Re: [PATCH 10/10] nvme: implement multipath access to nvme subsystems

Christoph Hellwig <hch@xxxxxx> · Tue, 29 Aug 2017 16:55:59 +0200

On Tue, Aug 29, 2017 at 10:54:17AM -0400, Keith Busch wrote:
> On Wed, Aug 23, 2017 at 07:58:15PM +0200, Christoph Hellwig wrote:
> > +	/* Anything else could be a path failure, so should be retried */
> > +	spin_lock_irqsave(&ns->head->requeue_lock, flags);
> > +	blk_steal_bios(&ns->head->requeue_list, req);
> > +	spin_unlock_irqrestore(&ns->head->requeue_lock, flags);
> > +
> > +	nvme_reset_ctrl(ns->ctrl);
> > +	kblockd_schedule_work(&ns->head->requeue_work);
> > +	return true;
> > +}
> 
> It appears this isn't going to cause the path selection to failover for
> the requeued work. The bio's bi_disk is unchanged from the failed path when the
> requeue_work submits the bio again so it will use the same path, right? 

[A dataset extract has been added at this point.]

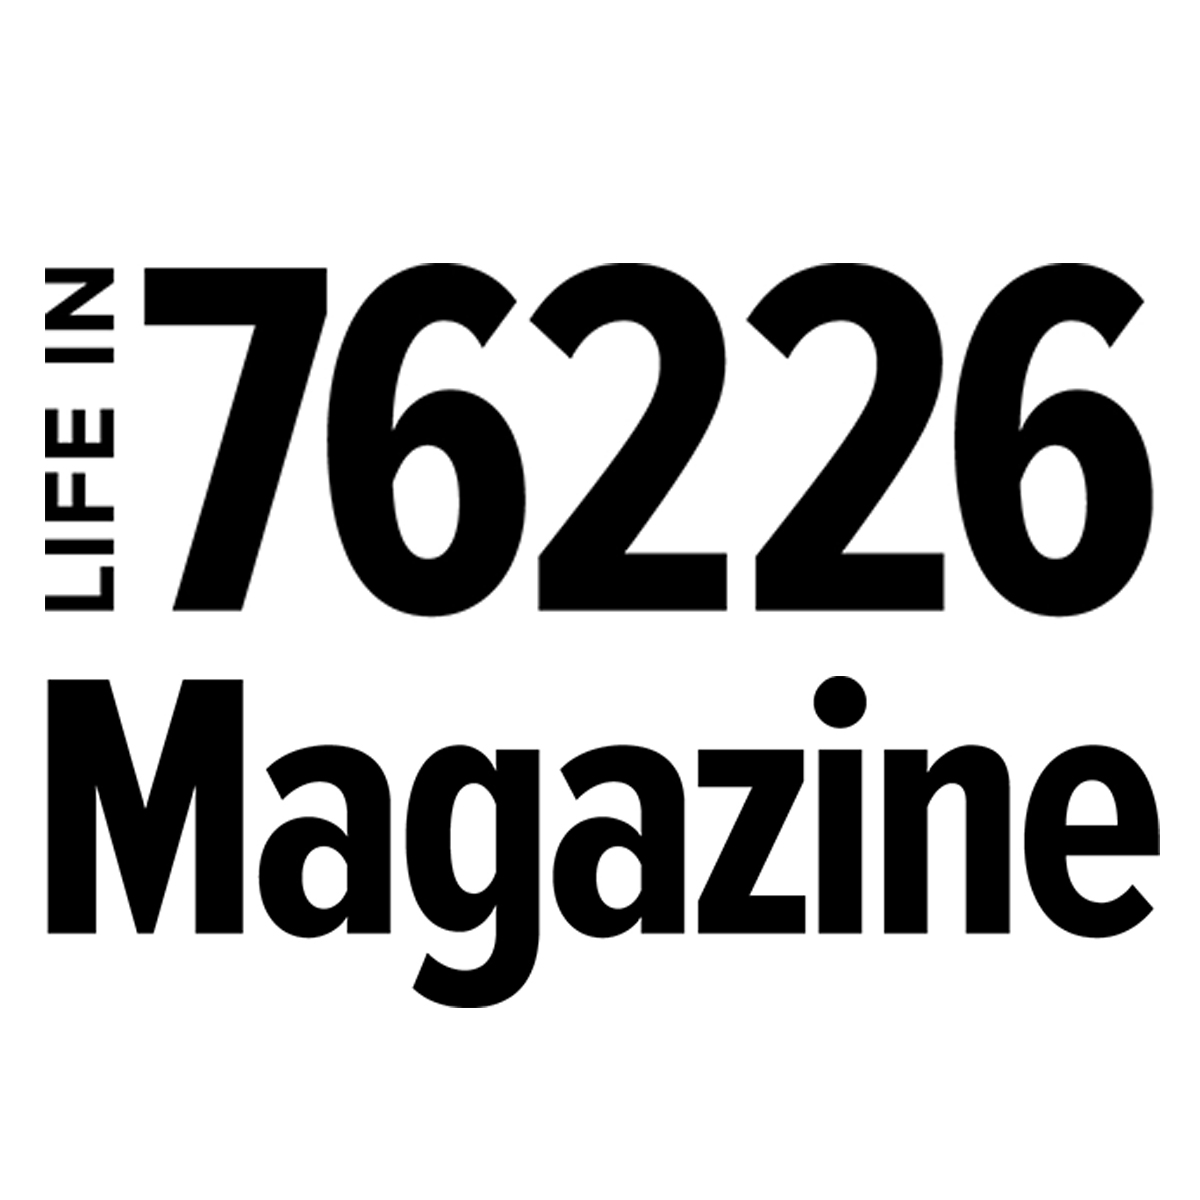 76226 Magazine

Oh.  This did indeed break with the bi_bdev -> bi_disk refactoring
I did just before sending this out.

> It also looks like new submissions will get a new path only from the
> fact that the original/primary is being reset. The controller reset
> itself seems a bit heavy-handed. Can we just set head->current_path to
> the next active controller in the list?

For ANA we'll have to do that anyway, but if we got a failure
that clearly indicates a path failure what benefit is there in not
resetting the controller?  But yeah, maybe we can just switch the
path for non-ANA controllers and wait for timeouts to do their work.

> 
> > +static void nvme_requeue_work(struct work_struct *work)
> > +{
> > +	struct nvme_ns_head *head =
> > +		container_of(work, struct nvme_ns_head, requeue_work);
> > +	struct bio *bio, *next;
> > +
> > +	spin_lock_irq(&head->requeue_lock);
> > +	next = bio_list_get(&head->requeue_list);
> > +	spin_unlock_irq(&head->requeue_lock);
> > +
> > +	while ((bio = next) != NULL) {
> > +		next = bio->bi_next;
> > +		bio->bi_next = NULL;
> > +		generic_make_request_fast(bio);
> > +	}
> > +}
> 
> Here, I think we need to reevaluate the path (nvme_find_path) and set
> bio->bi_disk accordingly.

Yes.  Previously this was opencoded and always used head->disk, but
I messed it up last minute.  In the end it still worked for my cases
because the controller would either already be reset or fail all
I/O, but this behavior clearly is not intended and suboptimal.